In short, will be much faster, but if the database server "falls" - it will be unpleasant. But how often does this happen, and is your ETL process able to correctly refine this “from the middle” after the “revival” of the database?..

If not, and the case above is similar to yours, use UNLOGGEDbut never don't enable this attribute on real tables, the data of which is dear to you.

1.3. ON COMMIT { DELETE ROWS | DROP}

This construction allows you to set automatic behavior when a transaction is completed when creating a table.

About ON COMMIT DROP I already wrote above, it generates DROP TABLE, but with ON COMMIT DELETE ROWS the situation is more interesting - here it is generated TRUNCATE TABLE.

Since the entire infrastructure for storing the meta description of a temporary table is exactly the same as that of a regular table, then the constant creation and deletion of temporary tables leads to a strong "swelling" of system tables pg_class, pg_attribute, pg_attrdef, pg_depend,…

Now imagine that you have a worker on a direct connection to the database, which opens a new transaction every second, creates, fills, processes and deletes a temporary table ... Garbage in the system tables will accumulate in excess, and these are extra brakes for each operation.

In general, it is not necessary!

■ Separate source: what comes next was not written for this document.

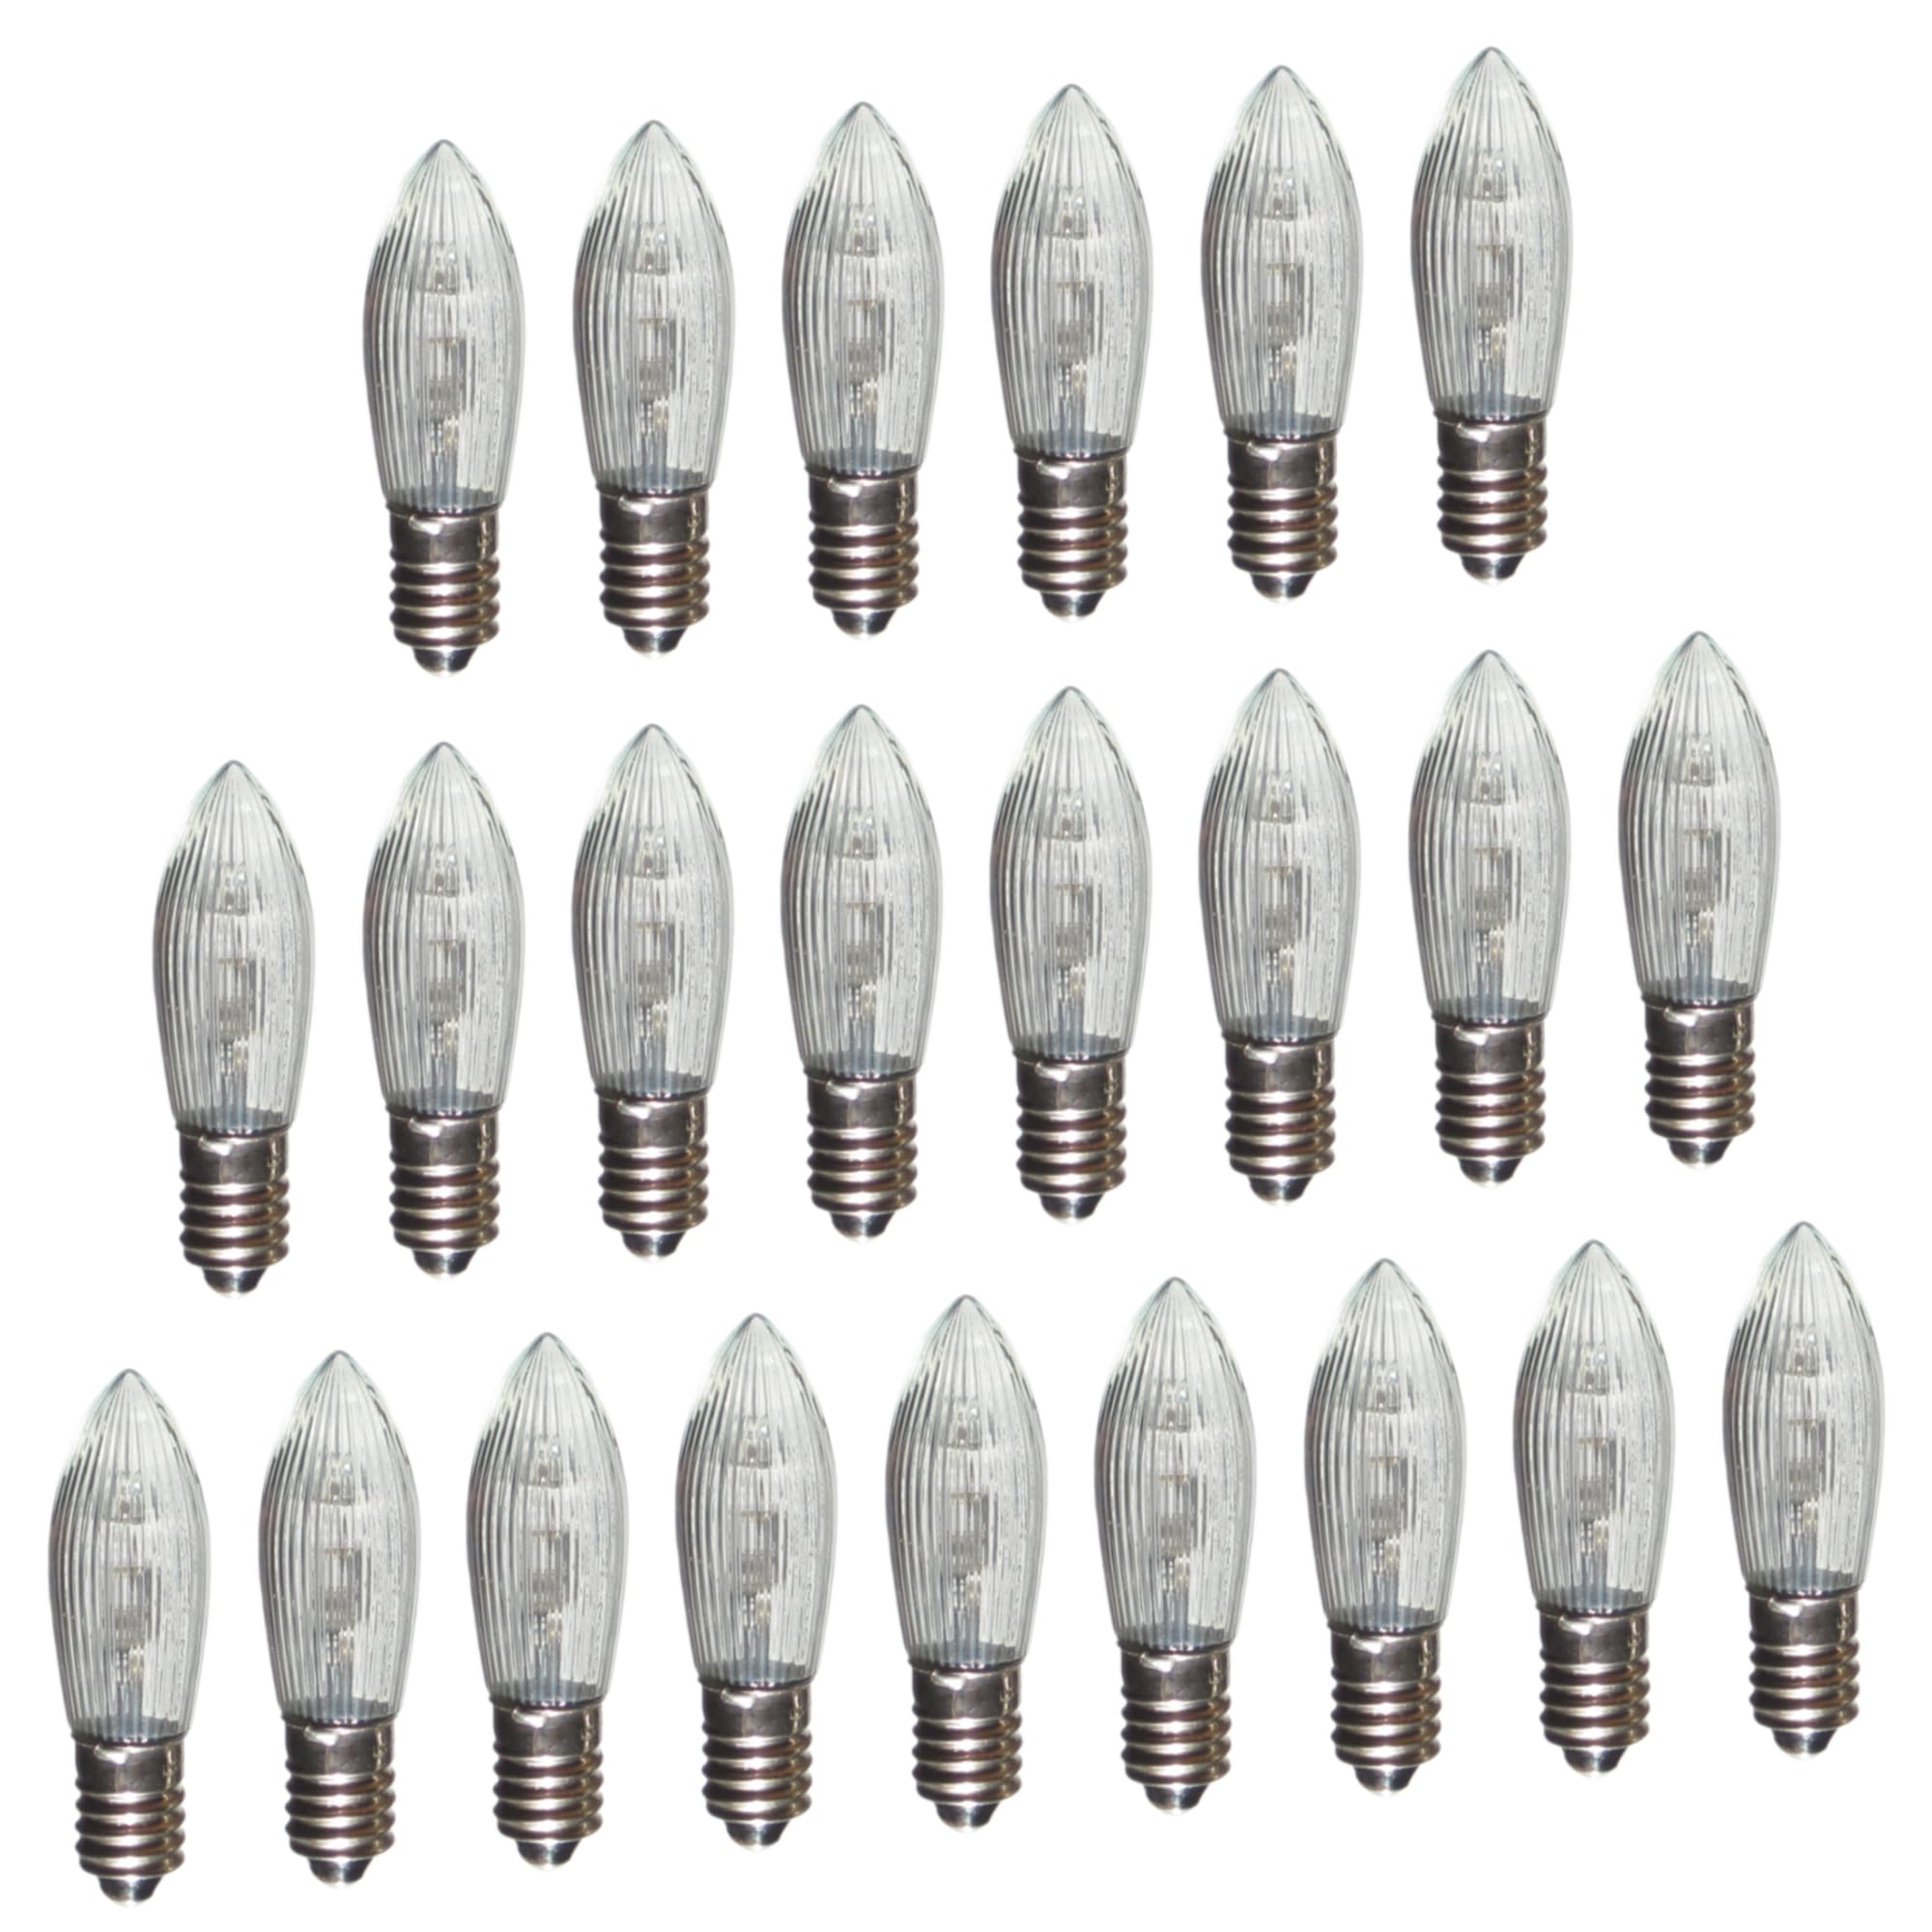 Erzgebirgslicht - AUSWAHL - 23 Stück LED Topkerze 8-55 V 0,1-0,2 W für 4-28 Brennstellen E10 Riffelkerze Ersatzbirne Glühbirne Glühlämpchen für Lichterketten Pyramide Schwibbogen

Much more efficient in this case. CREATE TEMPORARY TABLE x ... ON COMMIT DELETE ROWS take it out of the transaction cycle - then by the beginning of each new transaction, the tables will already will exist (we save a call CREATE), but will be emptythanks to TRUNCATE (we also saved its call) at the end of the previous transaction.

1.4. LIKE…INCLUDING…

I mentioned at the beginning that one of the typical use cases for temporary tables is all sorts of imports - and the developer wearily copy-pastes the list of fields of the target table into the declaration of his temporary ...

But laziness is the engine of progress! That's why create a new spreadsheet can be much easier:

CREATE TEMPORARY TABLE import_table(
  LIKE target_table
);

Since you can then generate a lot of data into this table, searches through it will never be fast. But there is a traditional solution to this - indexes! And yes a temporary table can also have indexes.

Since, often, the desired indexes are the same as the indexes of the target table, you can simply write LIKE target_table INCLUDING INDEXES.

If you need more DEFAULT-values ​​(for example, to fill in the values ​​of the primary key), you can use LIKE target_table INCLUDING DEFAULTS. Or just - LIKE target_table INCLUDING ALL — will copy defaults, indexes, constraints,…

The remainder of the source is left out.